During the NCAA Tournament , the Rams have improved their offensive and defensive efficiency by more than twice as much as any team did in last season’s tournament. The change is so dramatic that you’d think that we’re dealing with an invasion of the body snatchers. Would whoever kidnapped the average three point-shooting, defensively suspect Rams please return them to Earth?

It’s that remarkable.

Entering the CAA tournament, VCU allowed its previous 11 opponents to score at least 1.00 points per possession, and the Rams had only a 6-5 record during that span. In the conference tournament, the Rams showed some signs of life on defense, holding Drexel to 0.894 points per possession. The Rams stomped George Mason 79-63 in the quarterfinals, as the Patriots barely cracked the 1.0 mark at 1.004 points per possession. However, Old Dominion brought VCU back to reality as the Monarchs slowly grinded past the Rams’ defense with 1.126 points per possession.

We’re not going to even touch the issue about whether VCU’s body of work was worthy of an at-large bid. That discussion is dead and gone. Instead, the team’s outstanding play deserves all the press.

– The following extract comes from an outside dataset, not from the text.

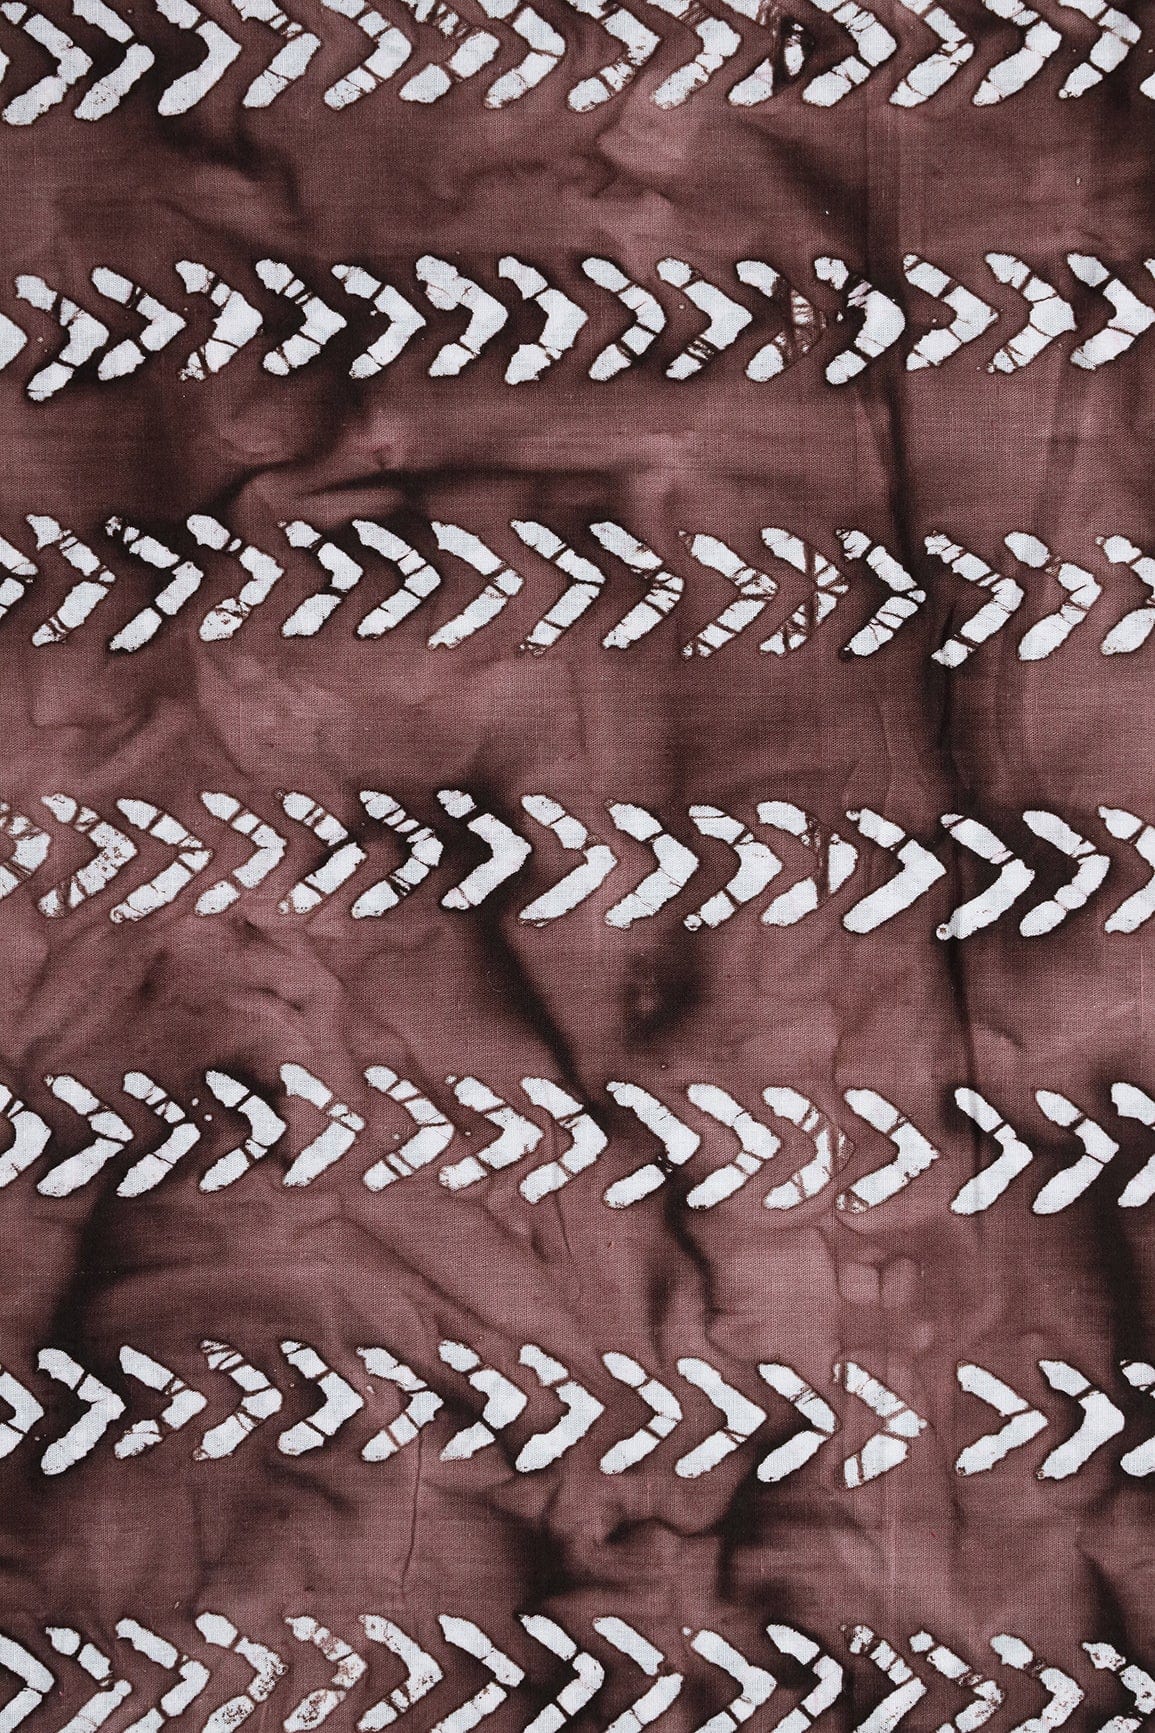 doeraa Prints White And Brown Geometric Pattern Batik Hand block Organic Cotton Fabric
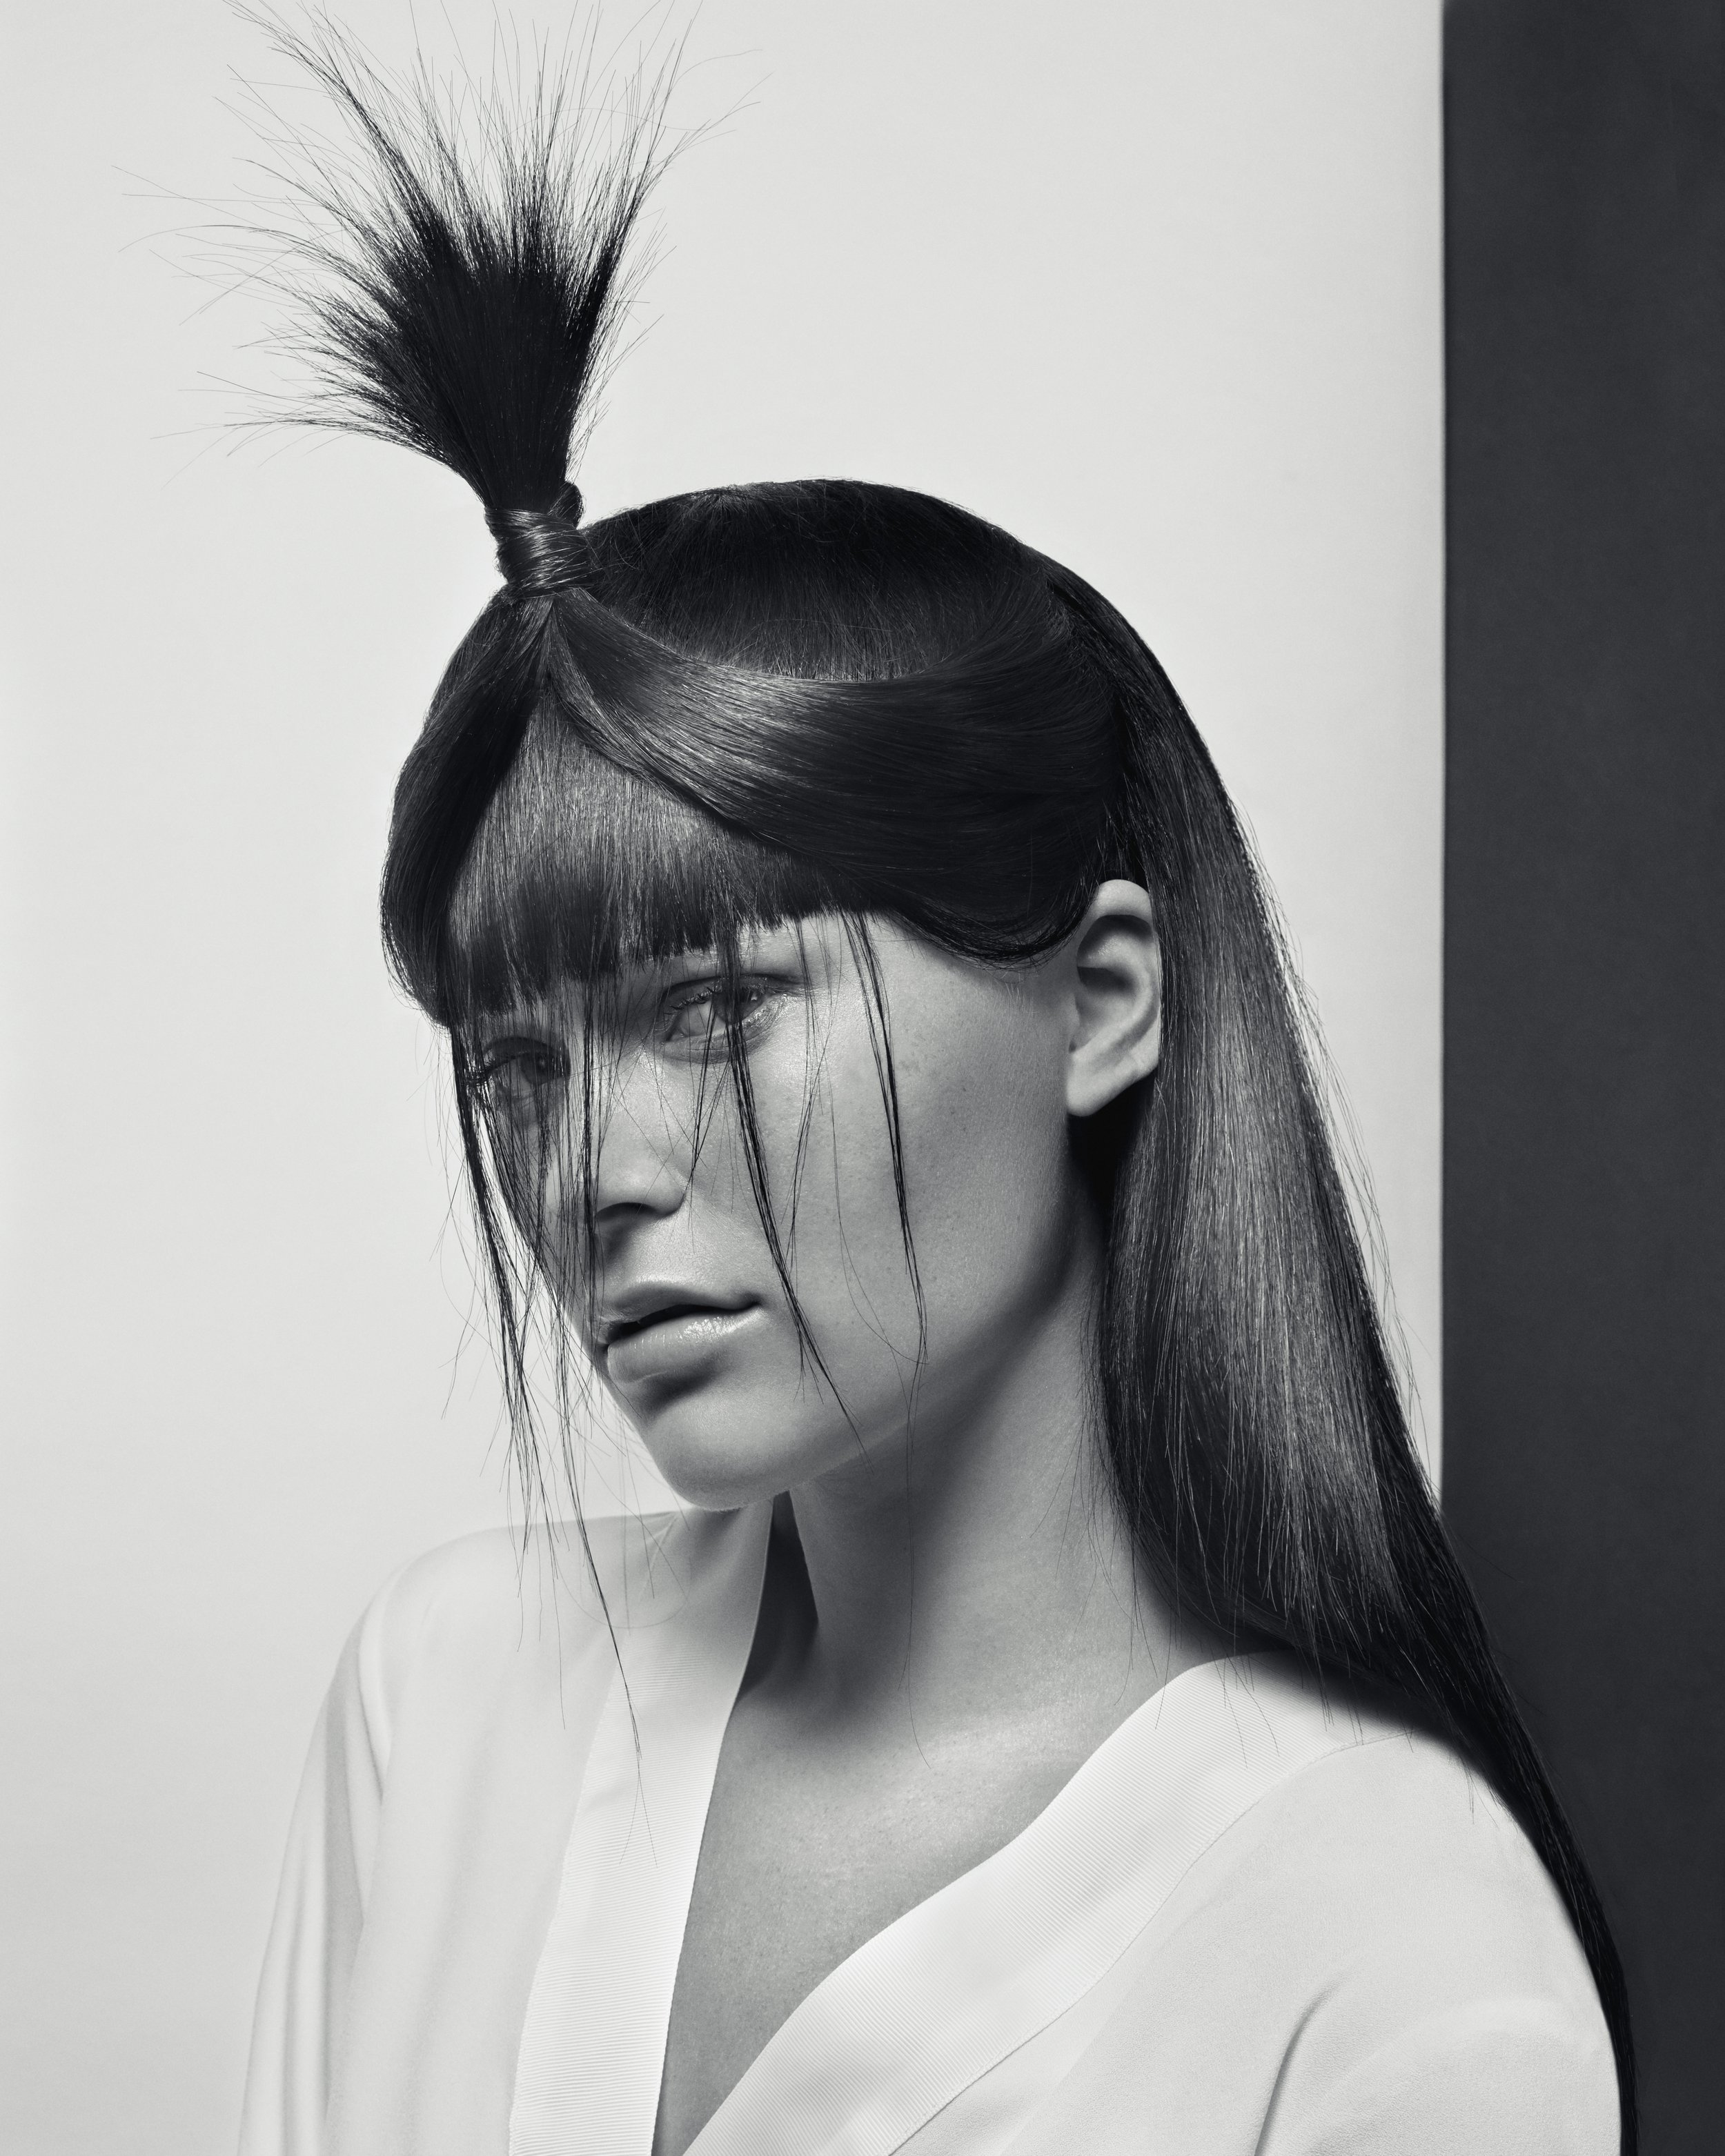 NoraOrthofer-Hairandmakeup-London-publication-feroce-Magazine-the hair issue shelley sumner -3.jpg

As VCU prepared for a First Four game against USC, the Rams ranked No. 84 in Ken Pomeroy’s rankings, with an offense averaging 1.096 points per possession and a defense allowing 1.008 points per possession. That’s not terribly impressive. The match up against the Trojans seemed fairly even, and a second-round upset against a struggling Georgetown team that didn’t know what it would get out of Chris Wright wasn’t outside the realm of possibility. But an extended run through the likes of Purdue and Kansas definitely didn’t seem plausible.

But that’s before VCU’s defense but everyone on lockdown.

In the tournament, the Rams have held every opponent except Purdue to less than 1.0 points per possession. In fact, USC, Georgetown and Kansas barely came within 0.1 points of that mark. The Boilermakers made it to 1.157 points per possession, which was nothing compared to VCU’s deadly 1.431 points per possession on offense.

The catalyst for VCU’s defensive resurgence is the team’s pressure defense. Coach Shaka Smart has his guys getting in the grill of every opposing guard. Kansas’ backcourt players looked flustered as they forced ill-advised entry passes and failed to organize the Jayhawks’ offense. VCU also thrived on team efforts in rebounding, which was crucial against the likes of USC, Georgetown and Purdue. The Rams survived Florida State and Kansas despite giving up a ton of size in the post and a bunch of offensive rebounds.

Offensively, VCU’s shooters just caught fire. Jamie Skeen and Brandon Rozzell helped VCU shoot 43.8 percent from three-point range, a massive improvement from the 36.2 percent that the team shot heading into the tournament. It almost defies reason that multiple players could improve that much almost overnight. Skeen and Rozzell are solid shooters, as each entered the NCAA Tournament shooting around 38 percent from beyond the arc. However, they shot at least 50 percent in five games so far. If the shots keep falling, the Rams will be extraordinarily tough to beat.

In sum, VCU has improved from 1.096 points per possession on offense to start the tournament to 1.133 points per possession now. Defensively, the Rams trimmed their points per possession allowed from 1.008 to 0.977. Collectively, that’s a 6.8 points per possession improvement in five games, and the Rams are up from No. 84 to No. 49 in Ken Pomeroy’s rankings. In comparison, Cornell improved more than any other team in the 2010 NCAA Tournament, when the Big Red reached the Sweet 16 as a No. 12 seed. The team improved by a total of 3.3 points per possession. VCU has more than doubled that, and the Rams needed to make that happen to have a shot against strong teams like Purdue and Kansas.

Regardless of what happens today against Butler, Smart’s crew has delivered one of the most memorable runs in NCAA Tournament history. If the Rams keep up their pace of improvement at both ends of the court, this team could easily be cutting down the nets as the national champion Monday night.